1. Field of the Invention
The present invention relates to a structure of and a method of manufacturing a power semiconductor device such as a diode which performs rectification by a PN junction formed on a semiconductor substrate, or a MOS field effect transistor (MOSFET) or an Insulated Gate Bipolar Transistor (IGBT) which controls a main current by applying voltage to a gate formed on a semiconductor substrate with interposition of an insulating film.
2. Description of the Background Art
A power semiconductor device is constituted by a cell region in which a current flows and a terminal region formed around the cell region to maintain a breakdown voltage. As a terminal region structure, for example, a RESURF (Reduced Surface Field) structure is adopted. In the RESURF structure, a breakdown voltage is maintained by extending a depletion layer by a RESURF layer when a reverse voltage is applied. Here, a thick insulating film is necessary on a surface of the RESURF layer, in order to maintain the breakdown voltage. Presence of this thick insulating film causes a large level difference on a substrate, which makes it difficult to perform a process in subsequent steps such as application of a resist in a photoengraving step. Thus, a method of burying an insulating film in a substrate has been proposed, for example, in Japanese Patent Application Laid-Open No. 2009-88385. According to Japanese Patent Application Laid-Open No. 2009-88385, after implantation for forming a RESURF layer is performed in a terminal region, a trench is formed and an insulating film is buried therein, and then an unnecessary part is planarized by chemical mechanical polishing (CMP), thereby forming a thick insulating film on the RESURF layer, so that occurrence of a level difference is suppressed.
In the conventional inventions, when the insulating film buried after the formation of the trench is planarized by the CMP, an end point of the planarization is not defined. For example, when a silicon oxide film is used as the insulating film, if the planarization using the CMP is stopped before the substrate is exposed so that the silicon oxide film on the substrate remains over an entire surface of a wafer, damage to the substrate due to over-polishing can be prevented, but a variation of the thickness of the silicon oxide film within a wafer plane or within a chip is large. If the variation of the thickness of the silicon oxide film causes color unevenness in a surface of the substrate, an abnormality check based on an external appearance is impossible. Moreover, in a subsequent step of forming an electrode in a cell region, it is necessary to remove the silicon oxide film in the cell region by wet/dry etching. Here, a problem arises that the controllability of the etching amount deteriorates due to the variation of the thickness of the silicon oxide film.
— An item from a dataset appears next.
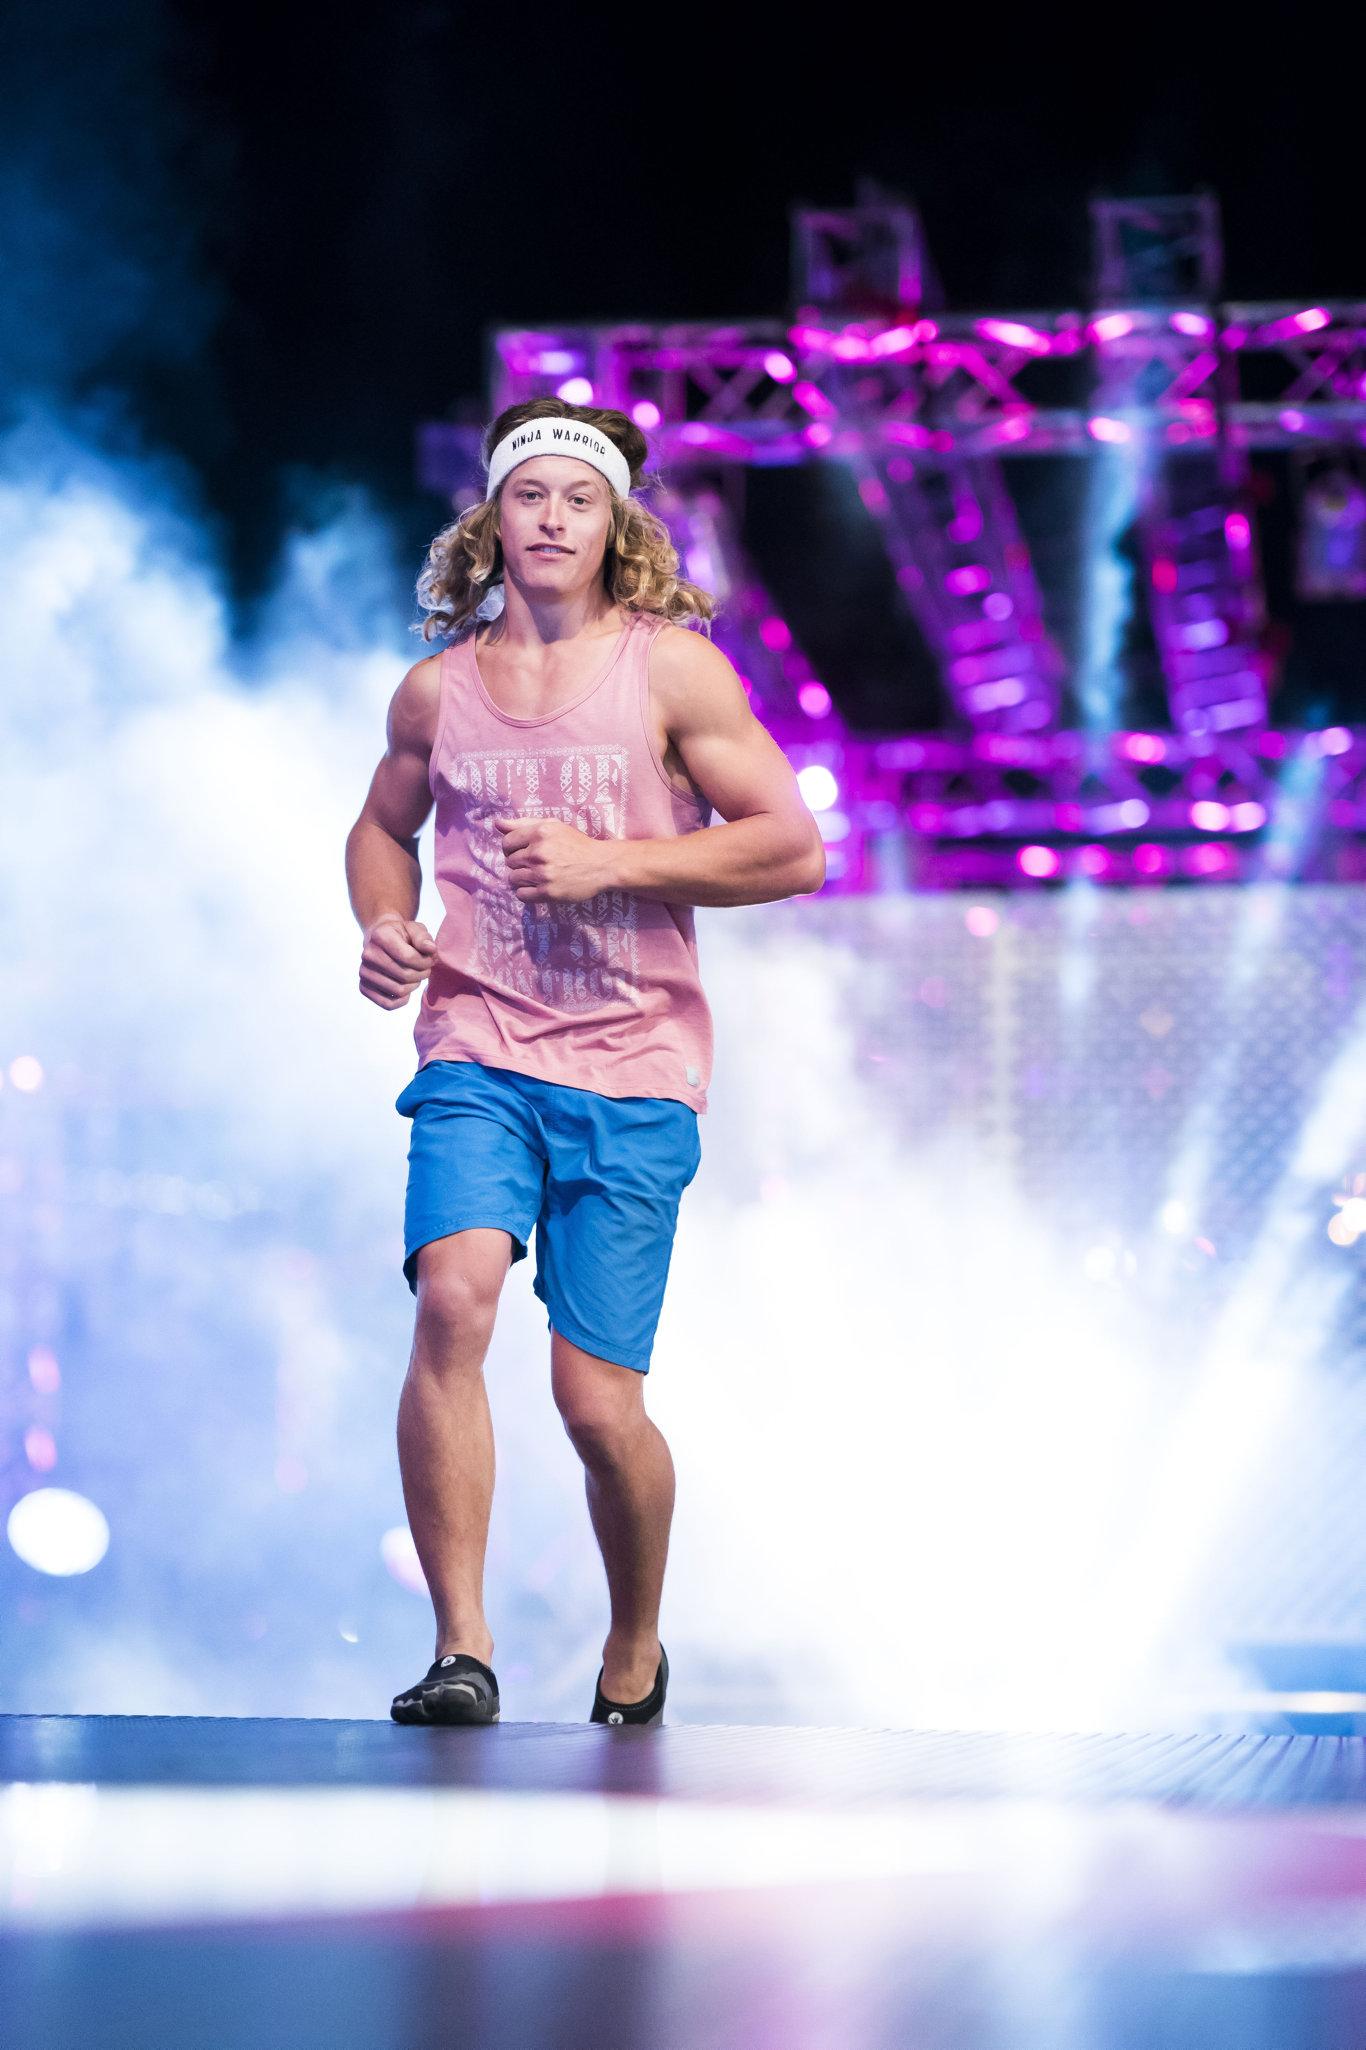 Lightning-fast ninja Ashlin Herbert is back to carve up the obstacle course in season three of Australian Ninja Warrior.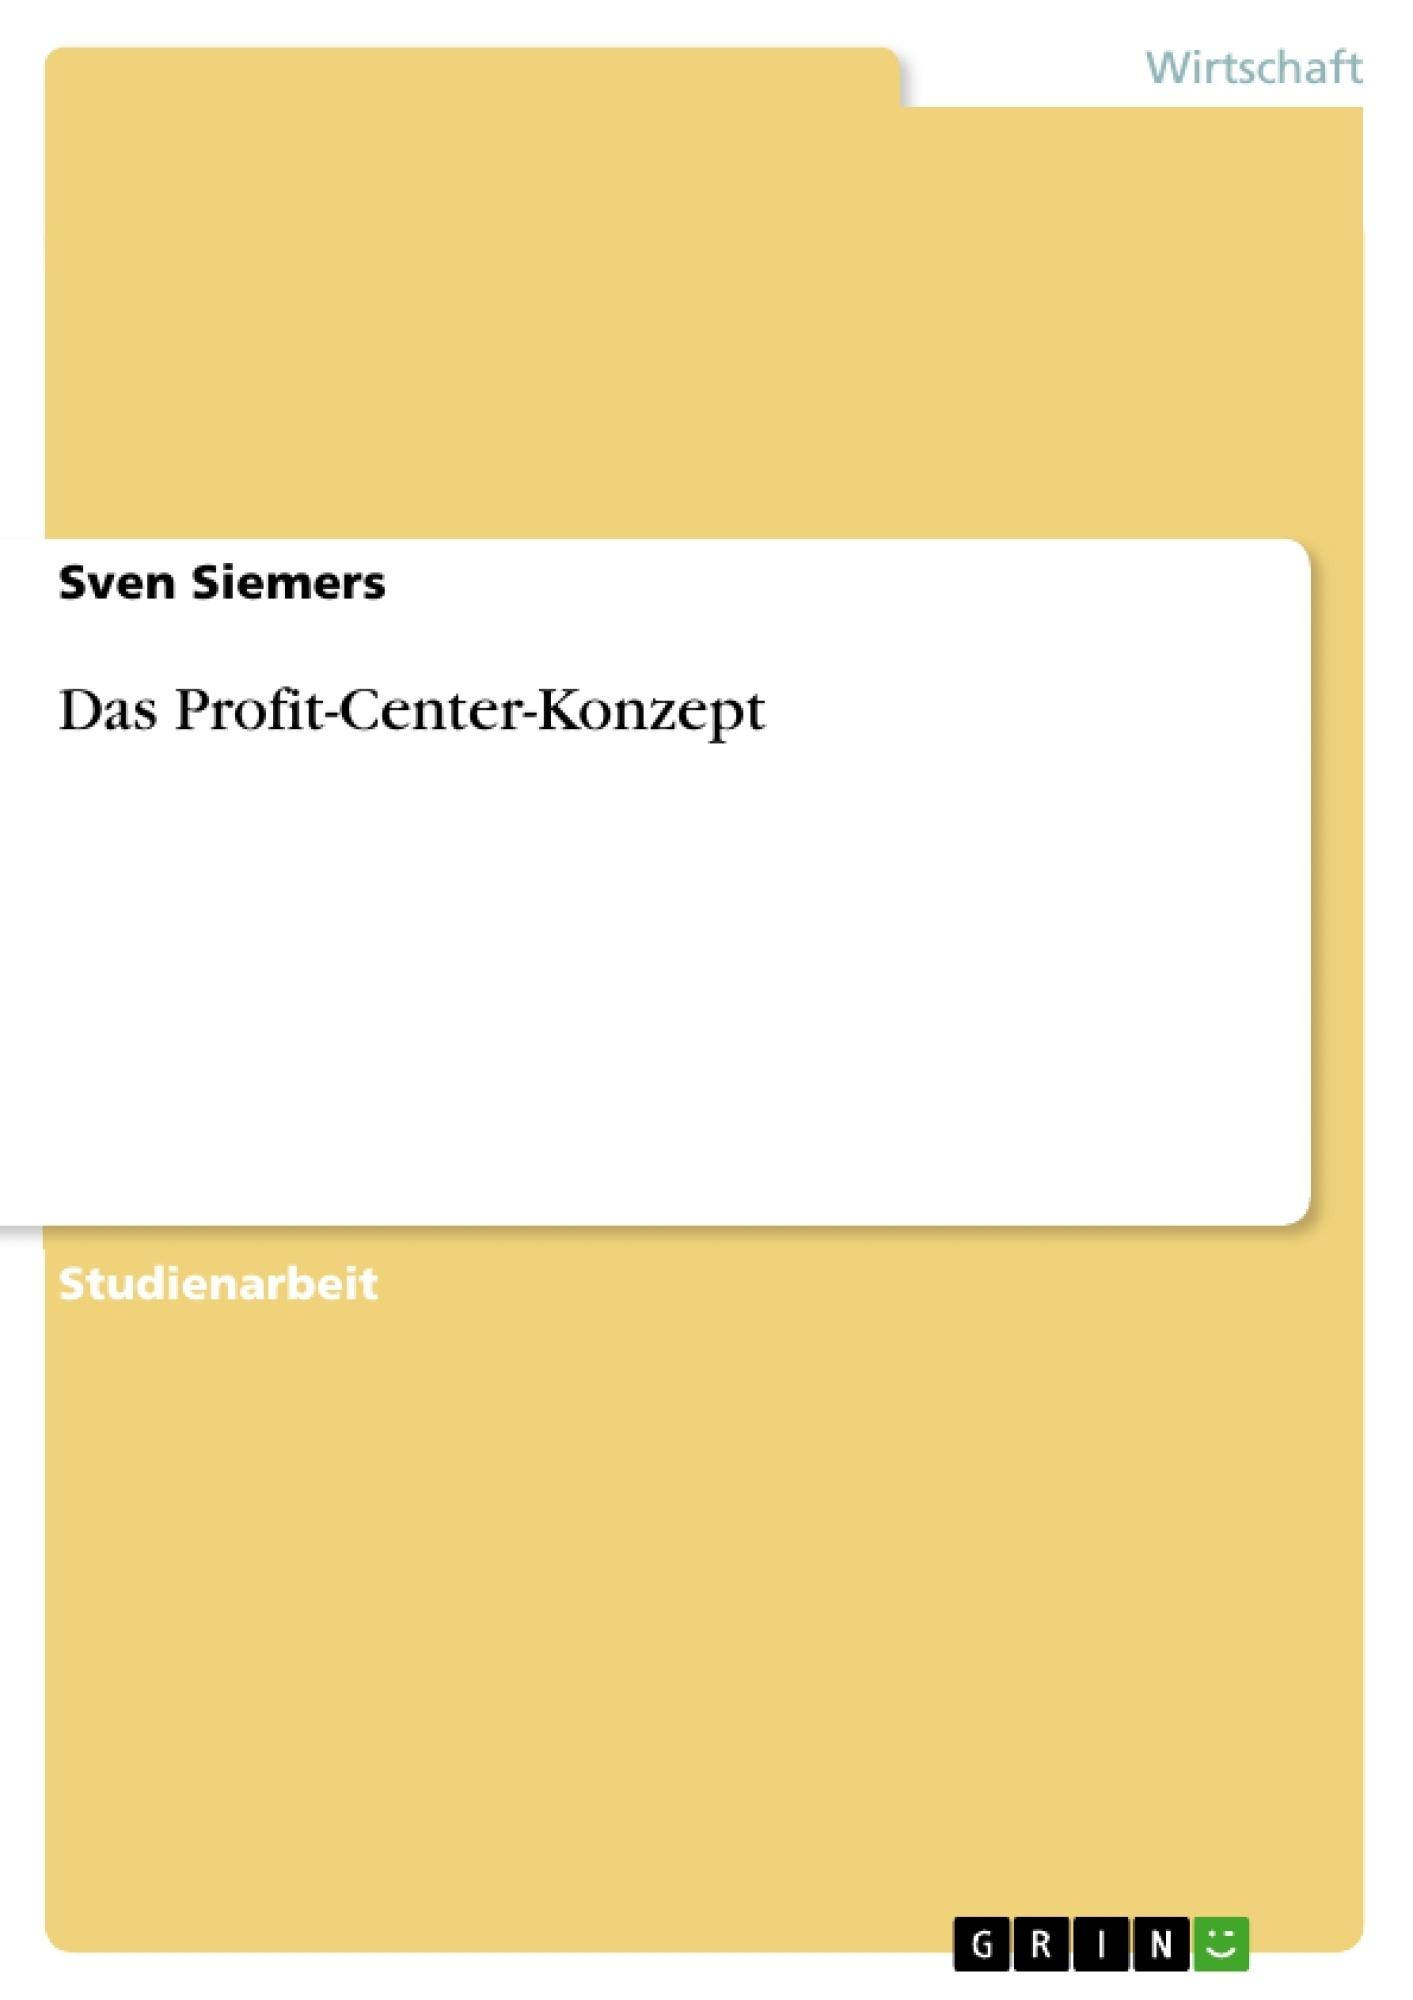 Titel: Das Profit-Center-Konzept

On the other hand, if the planarization using the CMP is performed until the surface of the substrate is exposed so that the silicon oxide film on the surface of the substrate is wholly removed over the entire surface of the wafer, the variation of the thickness of the silicon oxide film on the substrate does not occur, but damage to the substrate due to over-polishing occurs. Occurrence of the damage to the substrate leads to a deterioration of electrical characteristics, such as occurrence of current leakage from a surface to a back surface of the substrate.